_Assignment:_ From the line containing "Geschäftsmann mit Smartphone" to the line containing "Hauteur maximale d'un" in the records below, set down every line exactly as it stands, both ends included, and skip the pictures.

_Given data:_
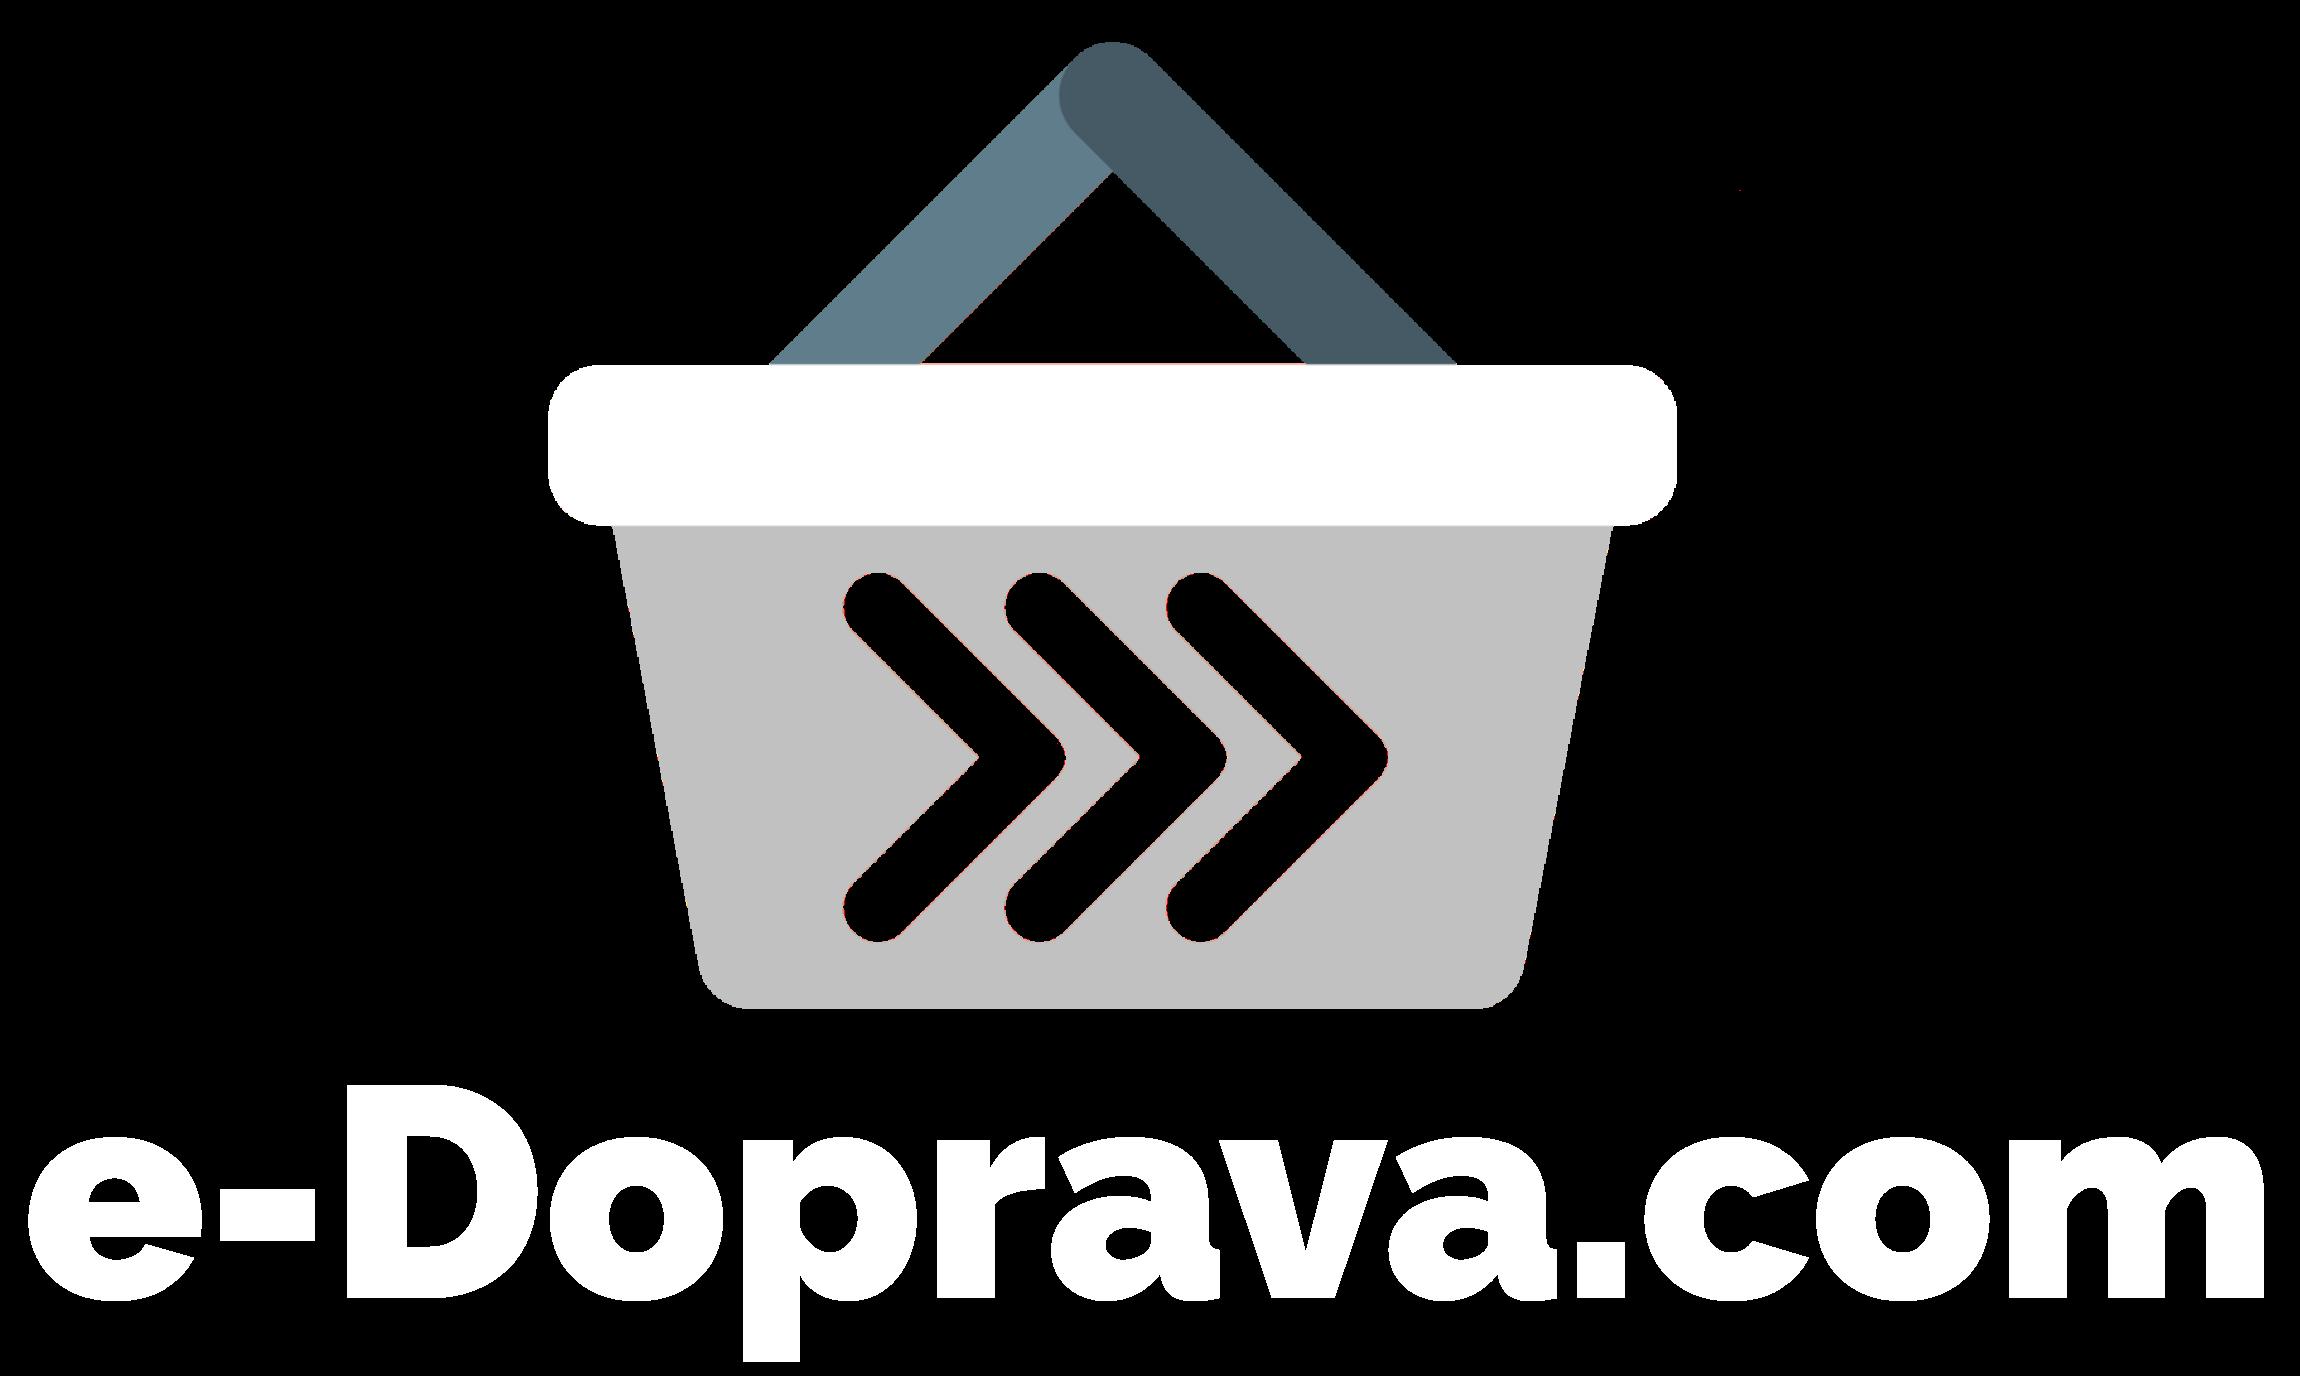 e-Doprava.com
* * *
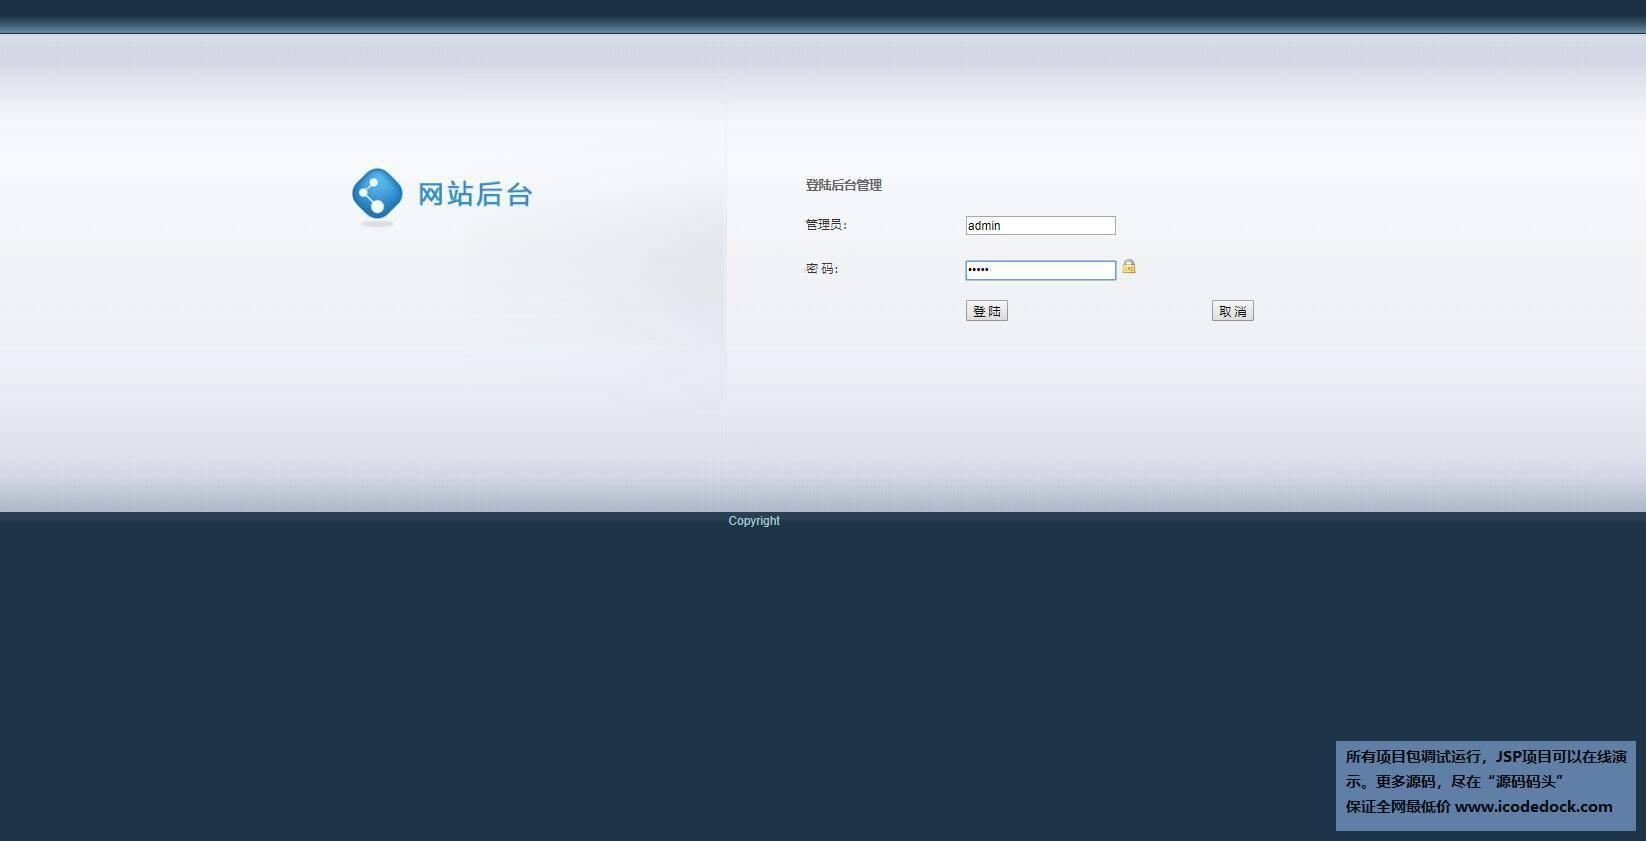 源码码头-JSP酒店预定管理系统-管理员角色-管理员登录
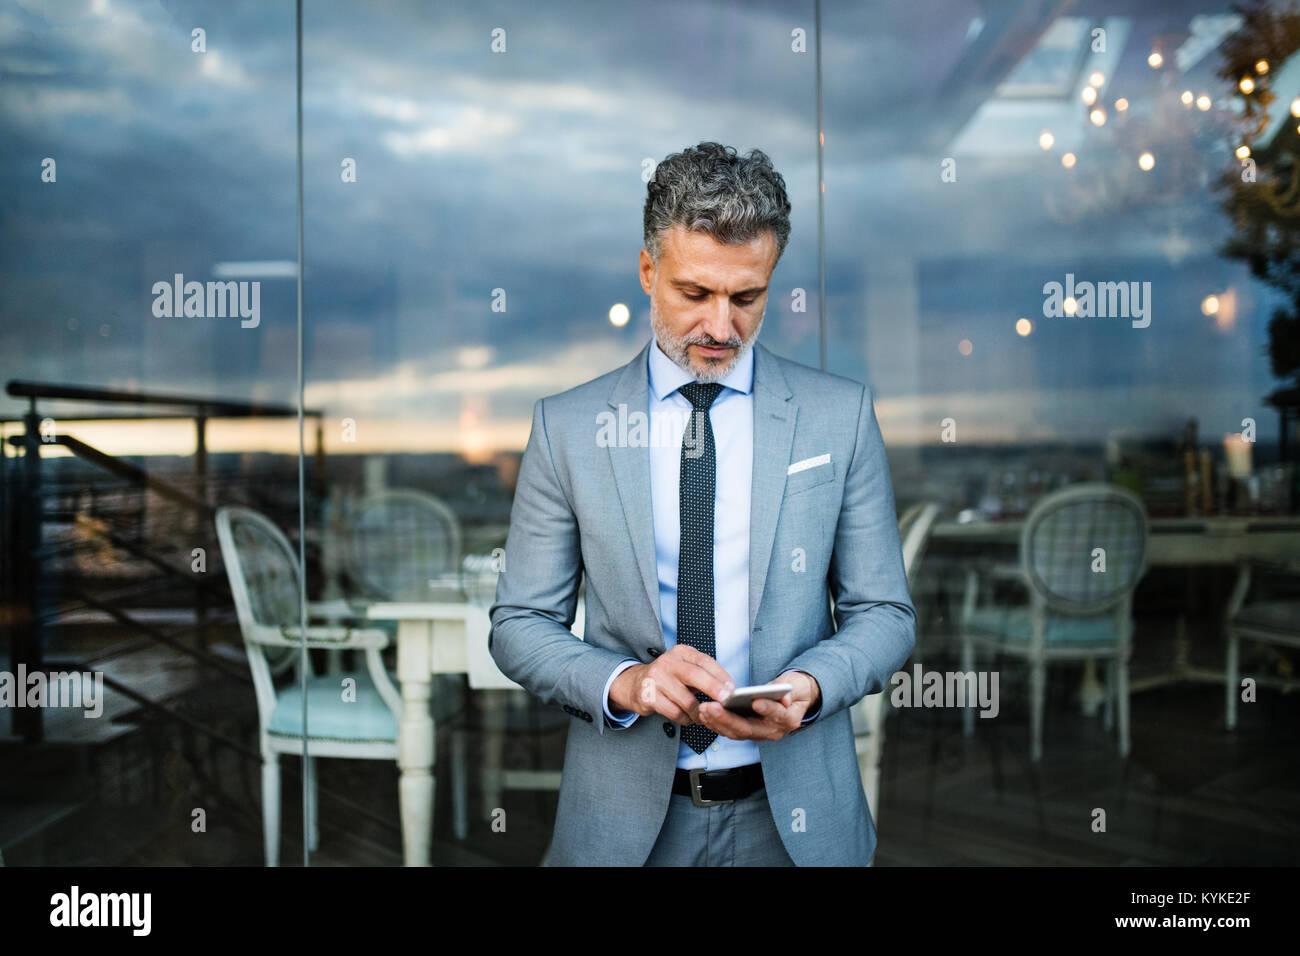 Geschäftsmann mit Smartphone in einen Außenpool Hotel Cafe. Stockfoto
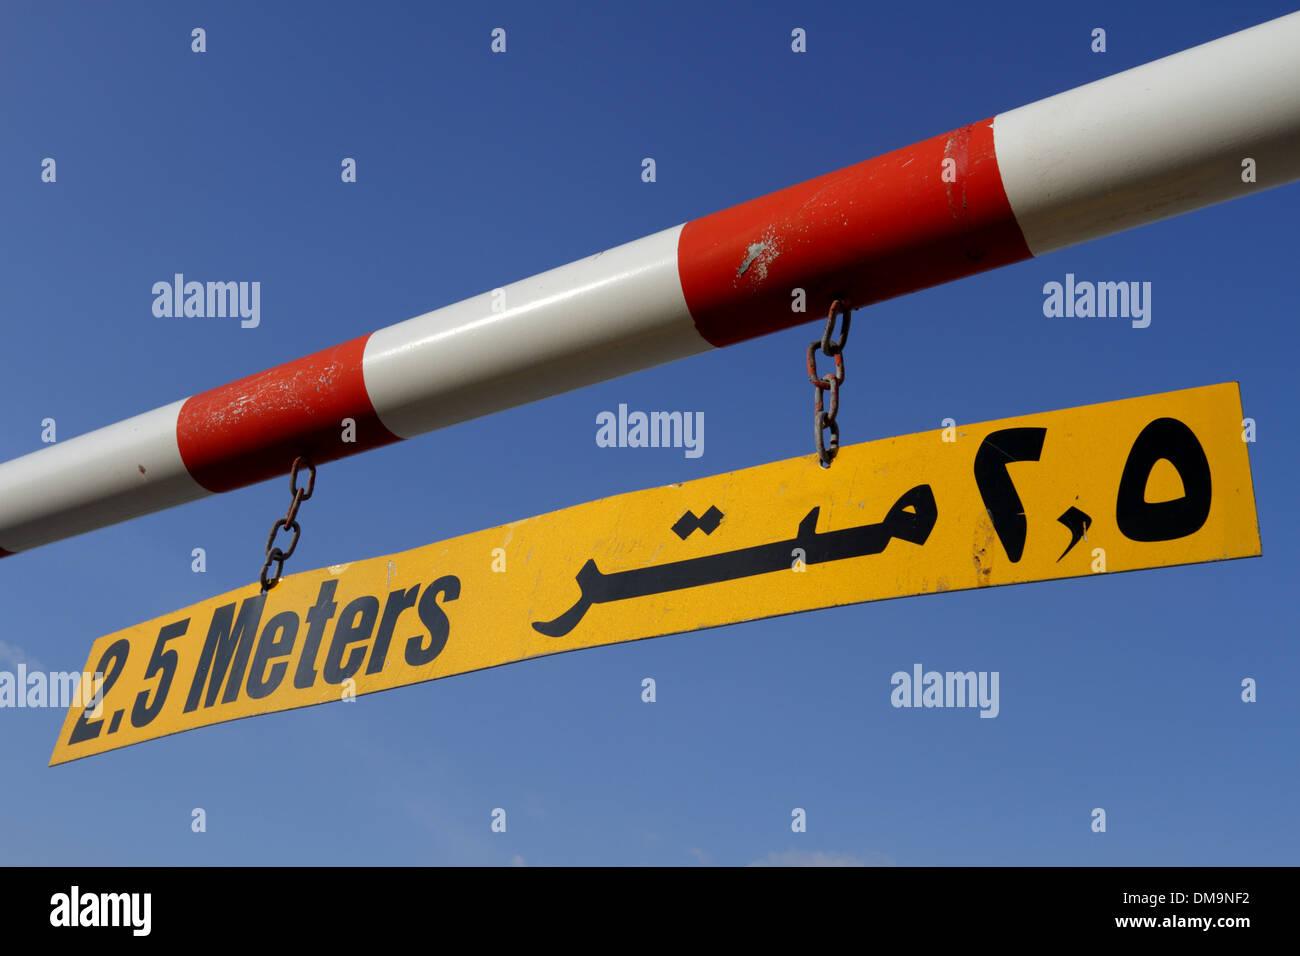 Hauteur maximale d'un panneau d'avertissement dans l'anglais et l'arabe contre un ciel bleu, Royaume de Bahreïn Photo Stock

_Expected output:_
 Geschäftsmann mit Smartphone in einen Außenpool Hotel Cafe. Stockfoto
 Hauteur maximale d'un panneau d'avertissement dans l'anglais et l'arabe contre un ciel bleu, Royaume de Bahreïn Photo Stock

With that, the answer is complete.